Pension Innovation 2014

Published / Last Updated on 20/05/2014

Pension Innovation 2014.

Pension Innovation On New Retirement Rules 2014

As predicted by us, pension firms are starting to innovate in an effort to attract pension money given that lots of traditional pension annuity companies have seen business slump by 30-40% since the Chancellor announced in the March 2014 Budget the people would be allowed to withdraw the whole of their pension fund if they want to from April 2015 and be taxed at usual income tax rates.

Two firms have launched 1 year annuities – to try and attract money now i.e. pay the annuity for a year and then offer flexibility to transfer the balance out, take an annuity or use full drawdown in 2015. To be honest, we have looked at these options and found that the returns offered less fees and commissions (if you deal direct with no advice) are very poor and result in a capital loss, although if you want the flexibility and are prepared to accept a small loss then maybe this is an option to have income now from your pension but not be tied in.
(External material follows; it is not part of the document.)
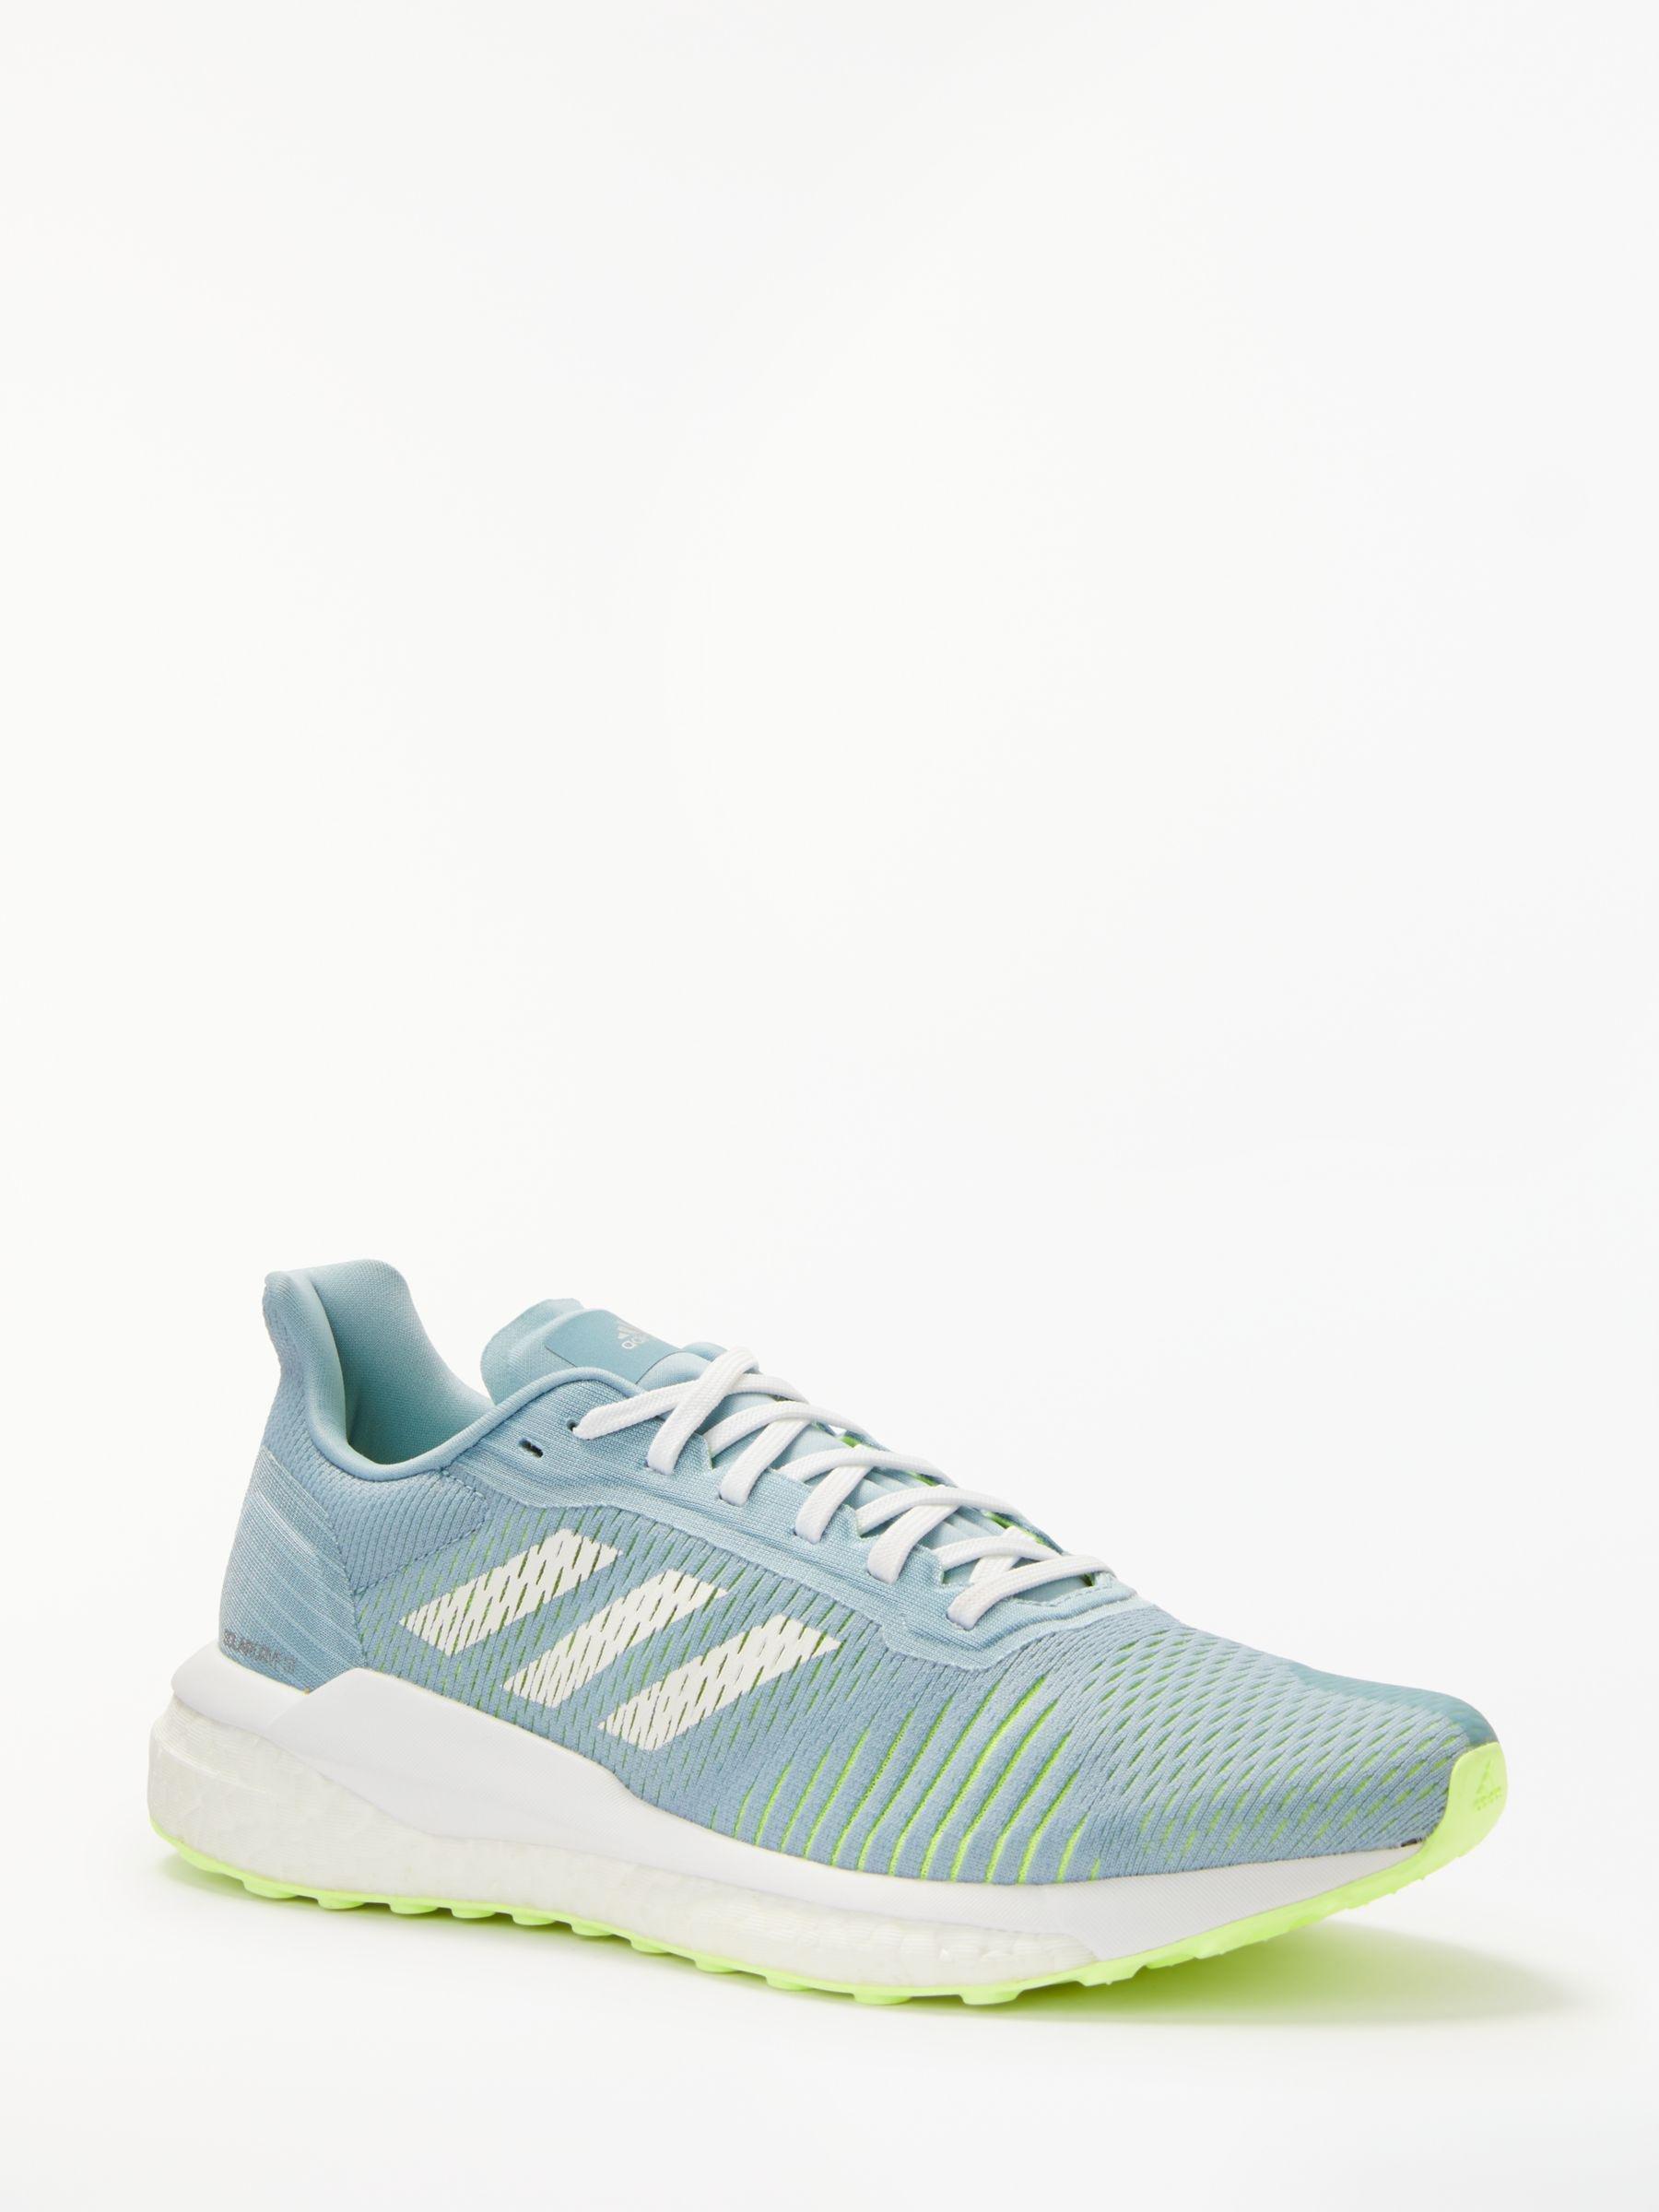 d0f2f024944 adidas Solar Drive St Women s Running Shoes - Lyst

In another example, a firm is offering a drawdown plan where you can withdraw as much as you wish under the new rules but also with an underlying guaranteed income from pension fund that remains in the plan

  • Aged 55 – 64 = 4% of fund value as a guaranteed income
  • Aged 65 – 69 = 4.5% of fund value as a guaranteed income
  • Age 70 – 74 = 5% of fund value as a guaranteed income
  • Age 75+ = 5.5% of fund value as a guaranteed income

They will even offer an additional increase in the guarantee by 2.5% each year for the number of years invested before you take the benefits e.g. 10 years X 2.5% = 25% increase so the 4% guaranteed income above for a 55-64 year old is increased by 25% to 5% guaranteed minimum income.

The issue with this scheme is really about set up fees and management charges on the funds, which in our opinion at up to 1.7% initial charge and yearly contract management charges up to 0.55% and a fund management charge up to 0.7% meaning a total yearly charge up to 1.25% pa. Compare this to no initial charges and an annual management of 0.4% for some pension schemes that we use, the cost of the guaranteed income gets lost in charges.

We expect pension innovation in 2014 and 2015 to develop rapidly.